A 45-year-old white male comes to your office with a 2-day history of pain and swelling in the right testicle. He has no dysuria or urinary frequency, and denies any sexual contact except with his wife. On examination you note tenderness in the right posterior aspect of the right testicle, along with some swelling and erythema of the overlying scrotal skin. Cremasteric reflex is normal.
Which one of the following is true regarding this situation?
Correct Answer E: Epididymitis is an inflammation of the epididymis due to various infectious agents or to local trauma. Pain may develop over a day or two, or even more gradually. In men under the age of 35 who are sexually active, the most common etiologic organisms are Chlamydia trachomatis and Neisseria gonorrhoeae. In men over 35, infectious epididymitis is usually nonspecific and is caused by coliform bacteria or Pseudomonas species. The preferred treatment is ofloxacin, 400 mg orally twice a day for 10 days. Alternative therapy is a single dose of ceftriaxone, 250 mg, plus doxycycline, 100 mg twice a day for 10 days.

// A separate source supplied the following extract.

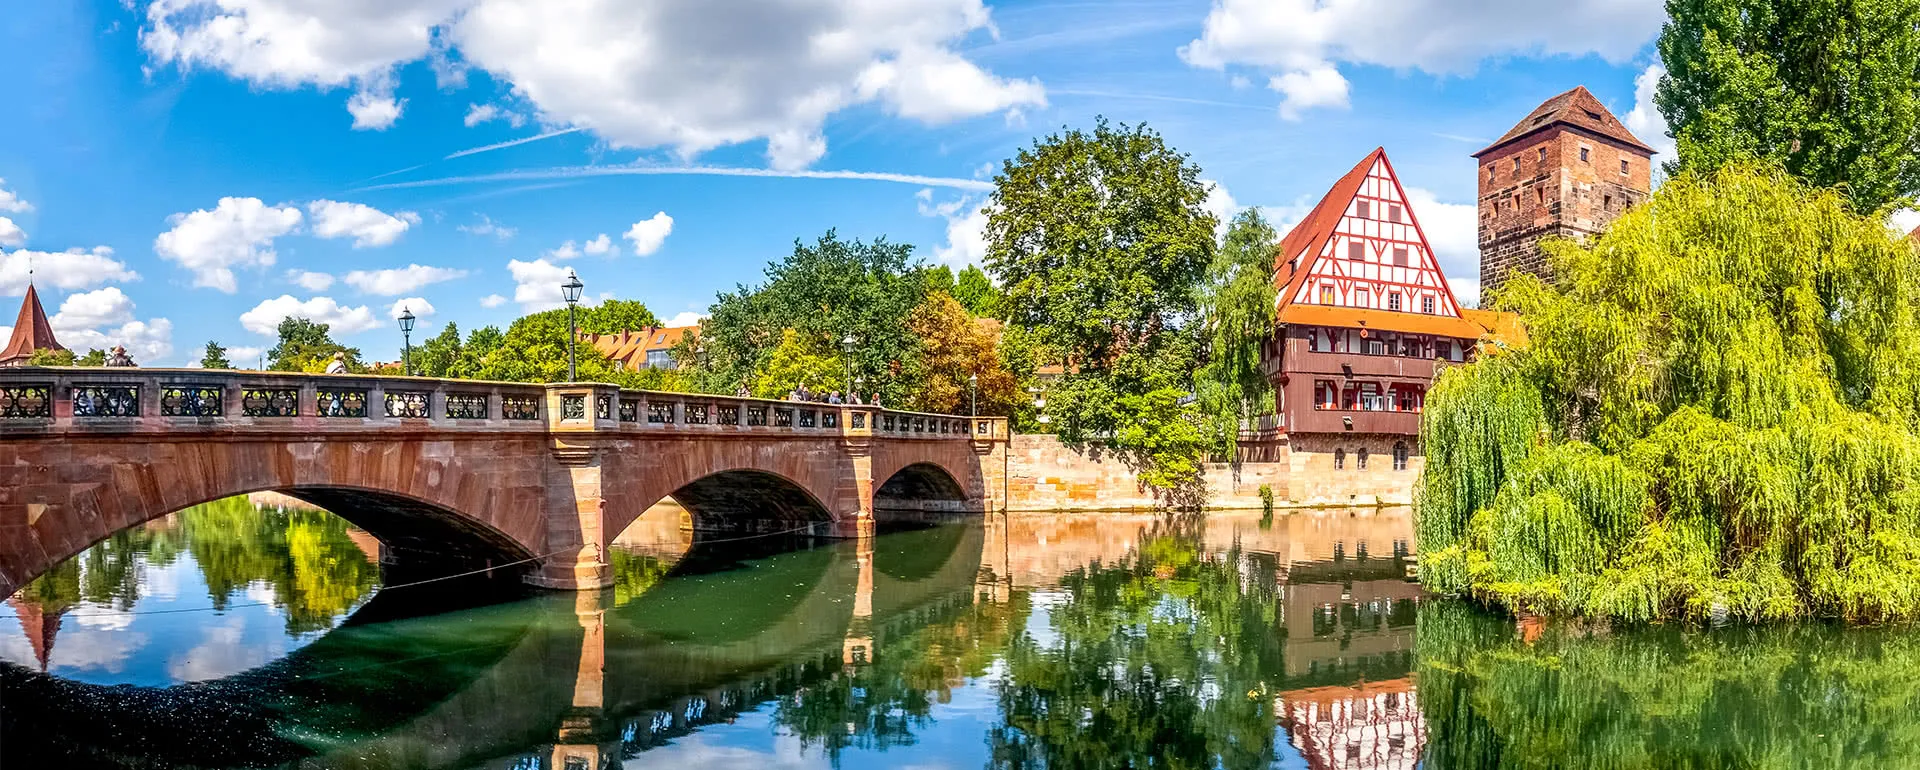 Nürnberg panorama image

A 20-year-old male presents with a complaint of pain in his right testis. The onset of pain has been gradual and has been associated with dysuria and urinary frequency. The patient has no medical problems and is sexually active. On examination he has some swelling and mild tenderness of the testis. The area posterior to the testis is swollen and very tender. He has a normal cremasteric reflex, and the pain improves with elevation of the testicle.

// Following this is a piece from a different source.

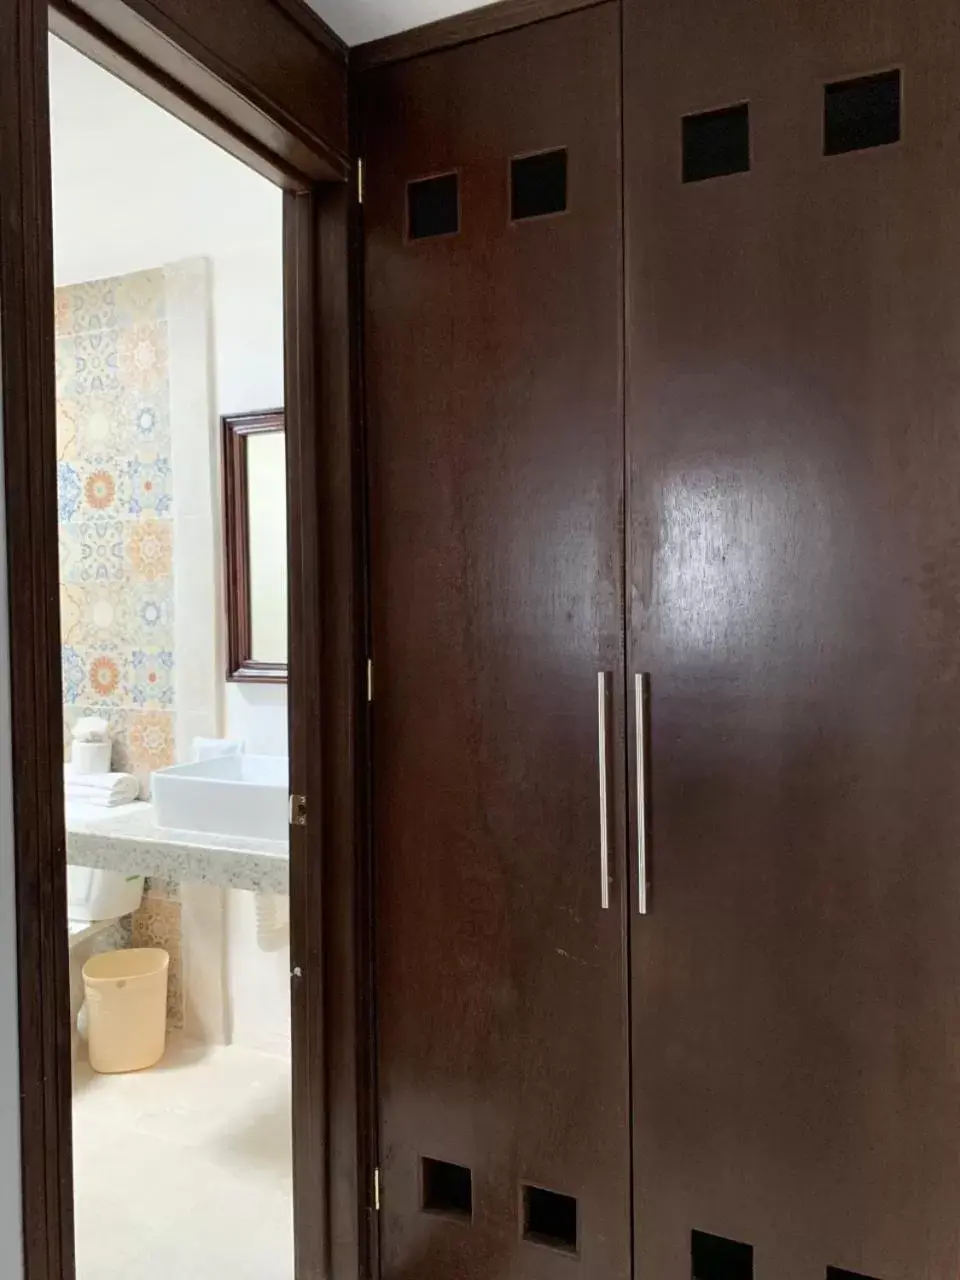 Toilet, Bathroom in Hotel Catedral Valladolid Yucatan

Which one of the following would be the most appropriate management of this patient?
Correct Answer C: This patient has epididymitis. In males 14-35 years of age, the most common causes are Neisseria gonorrhoeae and Chlamydia trachomatis. The recommended treatment in this age group is ceftriaxone, 250 mg intramuscularly, and doxycycline, 100 mg twice daily for 10 days. A single 1-g dose of azithromycin may be substituted for doxycycline. In those under age 14 or over age 35, the infection is usually caused by one of the common urinary tract pathogens, and levofloxacin, 500 mg once daily for 10 days, would be the appropriate treatment.
If there is concern about testicular torsion, urgent surgical evaluation and ultrasonography are appropriate.

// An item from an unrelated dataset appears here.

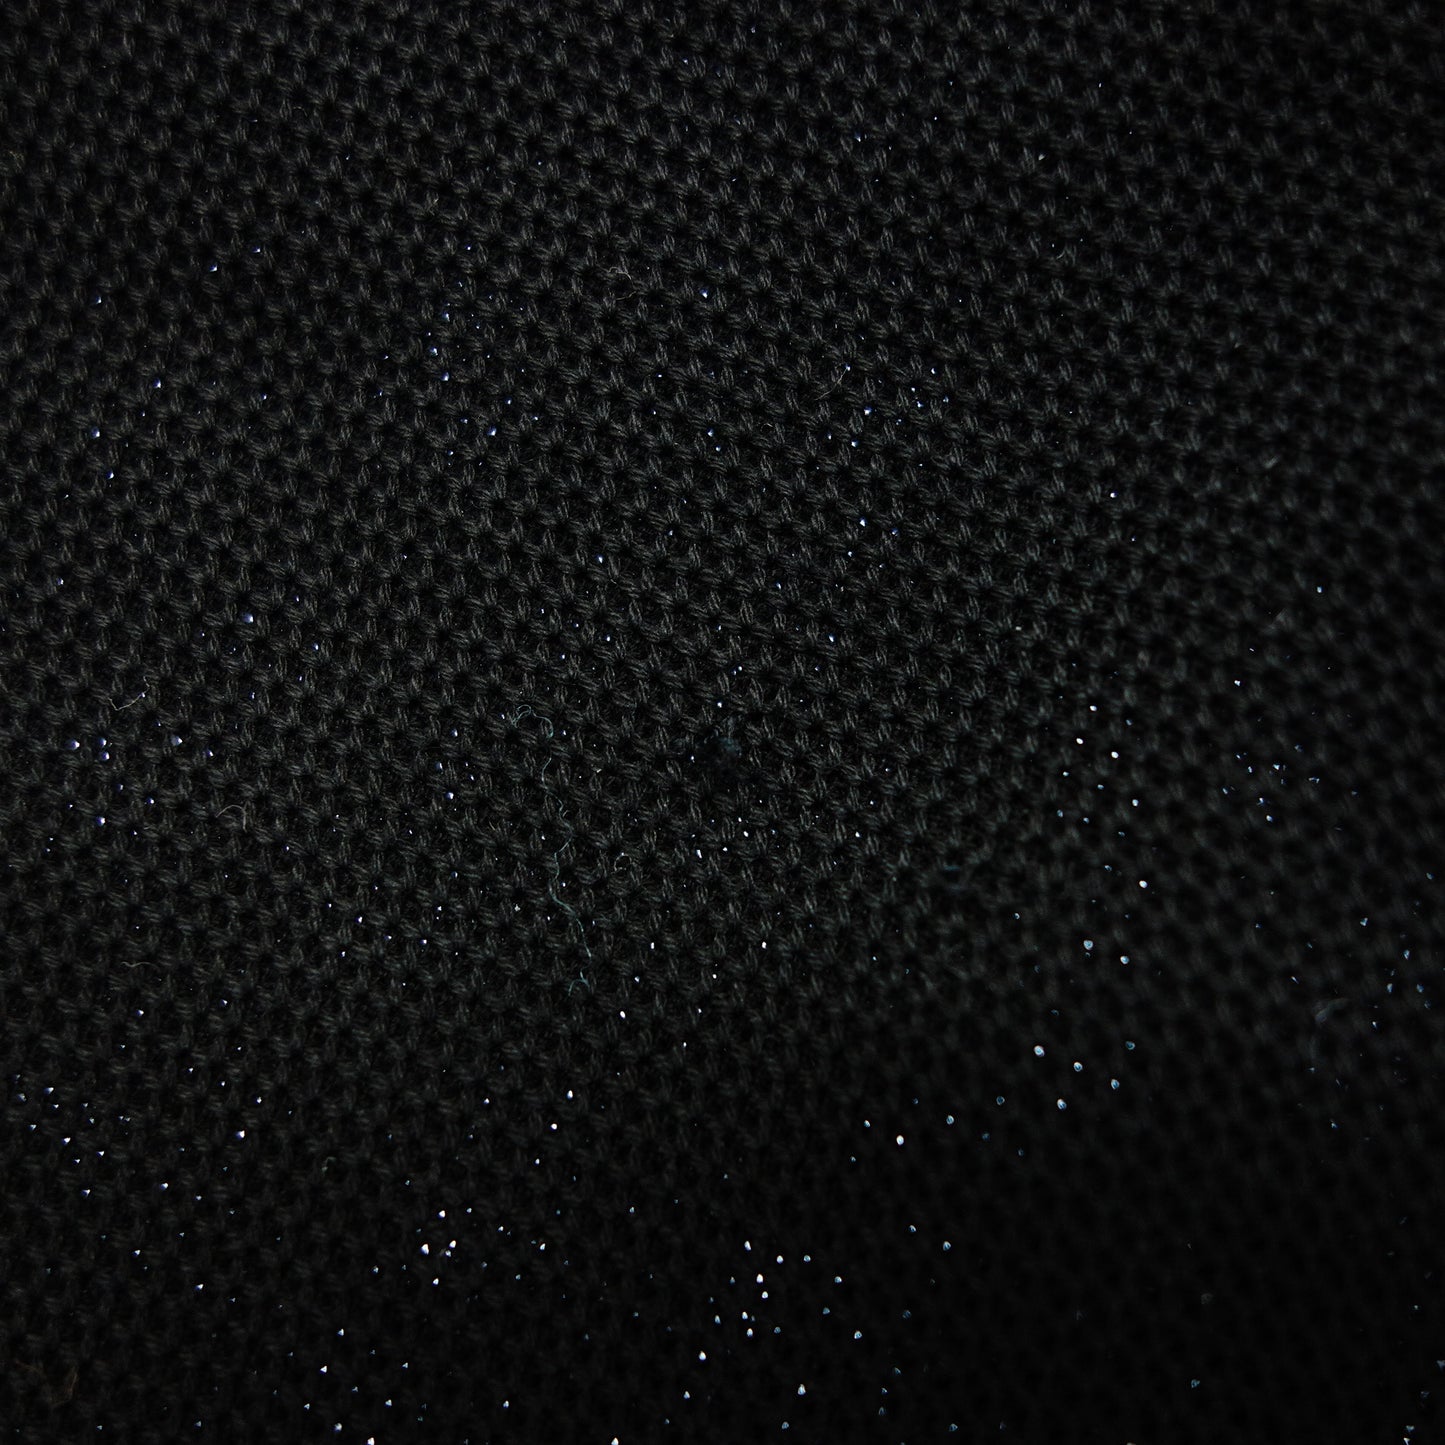 バーバリー ポロシャツ ティッシ期 シルバー金具 メンズ S 黒 BURBERRY【AFB19】【中古】

Testicular torsion is most common between 12 and 18 years of age but can occur at any age. It usually presents with an acute onset of severe pain and typically does not have associated urinary symptoms. On examination there may be a high riding transversely oriented testis with an abnormal cremasteric reflex and pain with testicular evaluation. Color Doppler ultrasonography will show a normal-appearing testis with decreased blood flow.